Former political prisoners often refer to the role of the ICRC. They give credit to the Red Cross for its part in the struggle for improved conditions. In the words of Philemon Tefu (imprisoned on Robben Island from 1963 to 1985), " Improvements came markedly in 1974 when the Red Cross representatives were allowed to get into the prison unescorted by the warders. "

Younger delegates representing the ICRC in the 1970s are often mentioned, Dominique Dufour in particular. Jackson Fuzile (incarcerated on the island from 1965 to 1977) said that " young fellows came, fellows who were very bright sparks. One of them was Dufour and the other I can’t remember – two French guys but all from Switzerland. You felt the day you spoke to them that these people knew what prison was about, and they knew what their work was about: to make prison less harsh. "

South Africa’s deputy president, Kgalema Motlanthe (imprisoned on the island from 1977 to 1985), describes his own role along with that of the ICRC: " I served on the prison Red Cross Committee, which was a committee that liaised with the International Committee of the Red Cross and dealt with general grievances and problems of the prison population, ranging from organization of sports and cultural activities, to problems [like ] the quality of food. "

Velaphi Masuku (held at Robben Island from 1977 to 1987) mentioned how important family visits funded by the ICRC were, especially at a time when few prisoners had visits.

 How does the museum enrich its artistic and historical collections?  

    

The museum's Collections Unit together with its Research Unit endeavour to expand the collections and add to our understanding of them in many different ways. One of the things we do is to interview the people who have produced or donated items already in our collections.

 Is there anything else you would like to say?  

    

The handover event on 13 May represents the beginning of an era involving the sharing of information about the island prison.

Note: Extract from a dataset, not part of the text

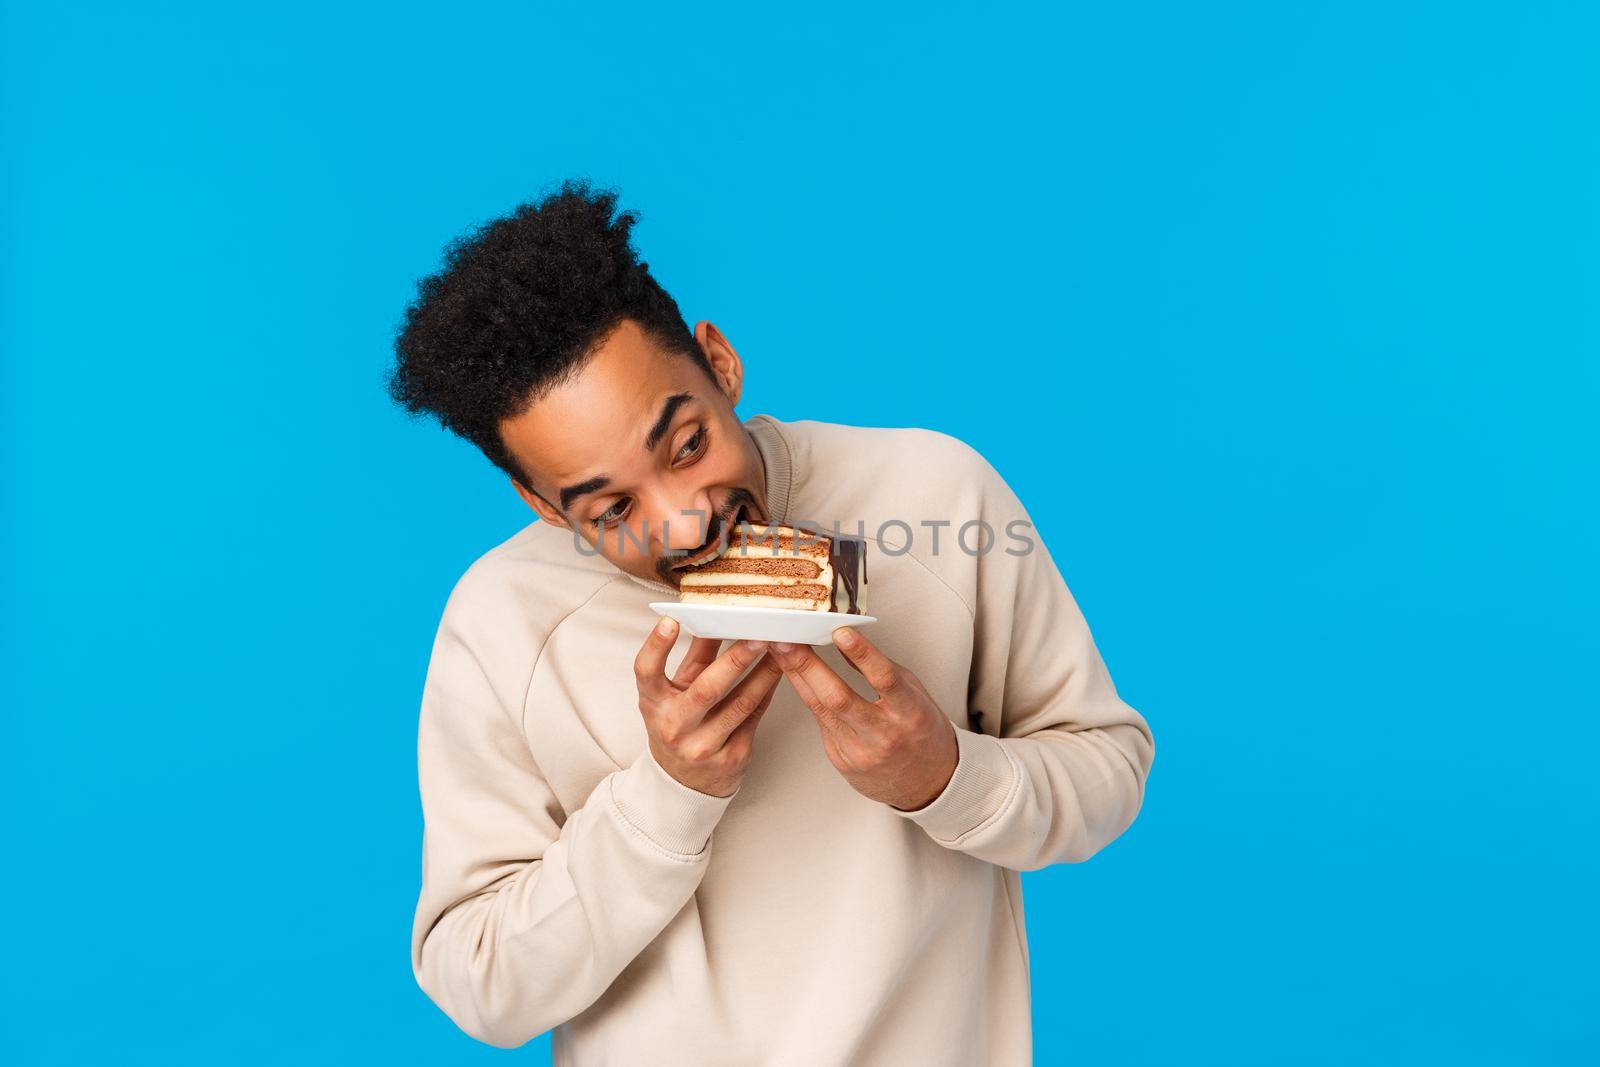 Guy stole piece cake and eating it fast. Funny and cute african-american man holding plate, bite delicious dessert celebrating birthday, enjoying holidays tasty food, standing blue background.

The additional information should add to and reinforce the story of human triumph over hardship.

 What sort of feelings does the artwork that was handed over to museum stir up in you?  

    

It was very moving to hear the artist speak about her work and recount her feelings when she first visited the Old Fort Prison women's section in Johannesburg, and to imagine what imprisonment must have been like. She spoke very passionately about her emotional journey in producing the work.

It was indeed a privilege to witness the ceremony for the handover of this work to the museum in the presence of former political prisoners who were once held on Robben Island. The ICRC assisted in improving their living conditions. To witness the ex-detainees’ appreciation of the art work and their meeting with the artist was an unforgettable and emotional experience.

This work will forever remain a tribute to the special relationship and bond between the Red Cross and the many South African political activists who were assisted by this great humanitarian organization.